Jaka posada, takie CV. Choć doświadczenie i tak masz takie samo, dobór języka może okazać się istotny! Nie przesadzaj jednak, bo nie będziesz mieć co napisać w liście motywacyjnym. O nim przeczytasz więcej tu.

  • W CV musisz, niestety, umieścić wstydliwe dane (tj. imię i nazwisko, adres, telefon, stan cywilny). Pracodawca musi wiedzieć, gdzie nasłać swoich ochroniarzy i do kogo, komu może pogrozić przez telefon i czy może poflirtować. Flirtować będzie niezależnie od stanu cywilnego, to pewne, ale warto mu to wiedzieć.
  • Niestety, panie, trzeba też datę urodzenia. Lepiej nie kłamać – zniżenie wieku spowoduje jednoczesne odsunięcie przywilejów w daleką przyszłość pełną parytetów wieku emerytalnego.
  • Miejsce urodzenia też.
  • Przydatny będzie e-mail. Szef też musi na czyjeś konto rejestrować się na torrentach.
  • Numer buta, rozmiar miseczki itp. tylko wtedy, gdy takie dane są wymagane.

Co dalej

Dane osobowe za nami, pora na jeszcze brutalniejszą część.

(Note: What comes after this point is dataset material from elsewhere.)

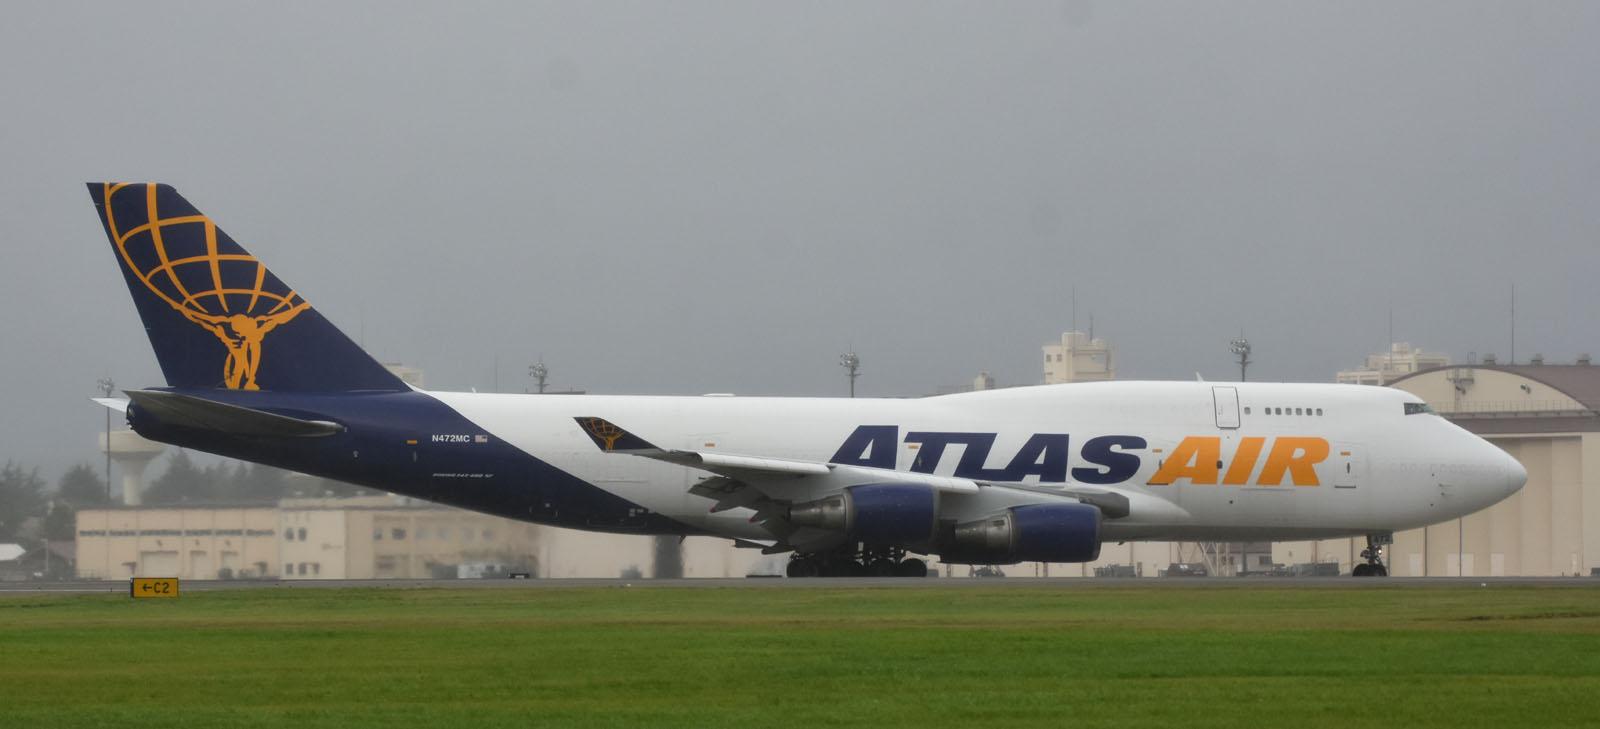 Atlas180808g357

  • Nadszedł czas na wypisanie wykształcenia. I tu się zaczną schody dla wielu czytelników. Jeśli nie masz co wpisać, to lepiej zastanów się, jaką chcesz mieć pracę. Dziś już nawet do budowy chodników potrzeba matury!
  • Wypisz raczej potrzebne rzeczy. Kogo tam obchodzi, do jakiego przedszkola chodziłeś. Liczy się tylko, z jakich to szkół średnich cię wylano. Podstawówka? Jeśli nie masz nic wyżej...
  • Studia w trakcie, albo świeżo ukończone naprawdę cię promują. Nie wpisuj, że wyrzucono cię! Zwłaszcza za wagarowanie i pijaństwo! Czym skorupka, i tak dalej, a pracodawcy lubią ogłupiać się mądrościami ludowymi.
  • Wypisz wszystkie tytuły, jakie masz. AntyMistera Uczelni pomiń. Jeśli jednak jesteś Dowcipnisiem Miesiąca, warto to rozważyć – zwłaszcza, kiedy starasz się o posadę cyrkowca.
  • Szczerze wypisz wszystkie kursy, jakie ukończyłeś. Im więcej, tym lepiej. Zapamiętaj! To pierwsza ważna zasada starania się o pracę! W zasadzie druga, pierwsza brzmi: „Nie jedz kilograma powideł śliwkowych z ciastem przed rozmową kwalifikacyjną”. Jeśli masz na koncie nawet najbardziej niepotrzebne kursy (nurkowania, gry na gitarze, obsługi kserokopiarki itp.) warto wpisać wraz z datami trwania. Wszak grać na gitarze nie nauczysz się w jeden dzień, nie oszukasz szefa. Jak to zrobisz, wyrzuci cię z roboty albo ty jego zepchniesz ze stołka, ale nie zajmuj się tym – nawet nie masz tej pracy.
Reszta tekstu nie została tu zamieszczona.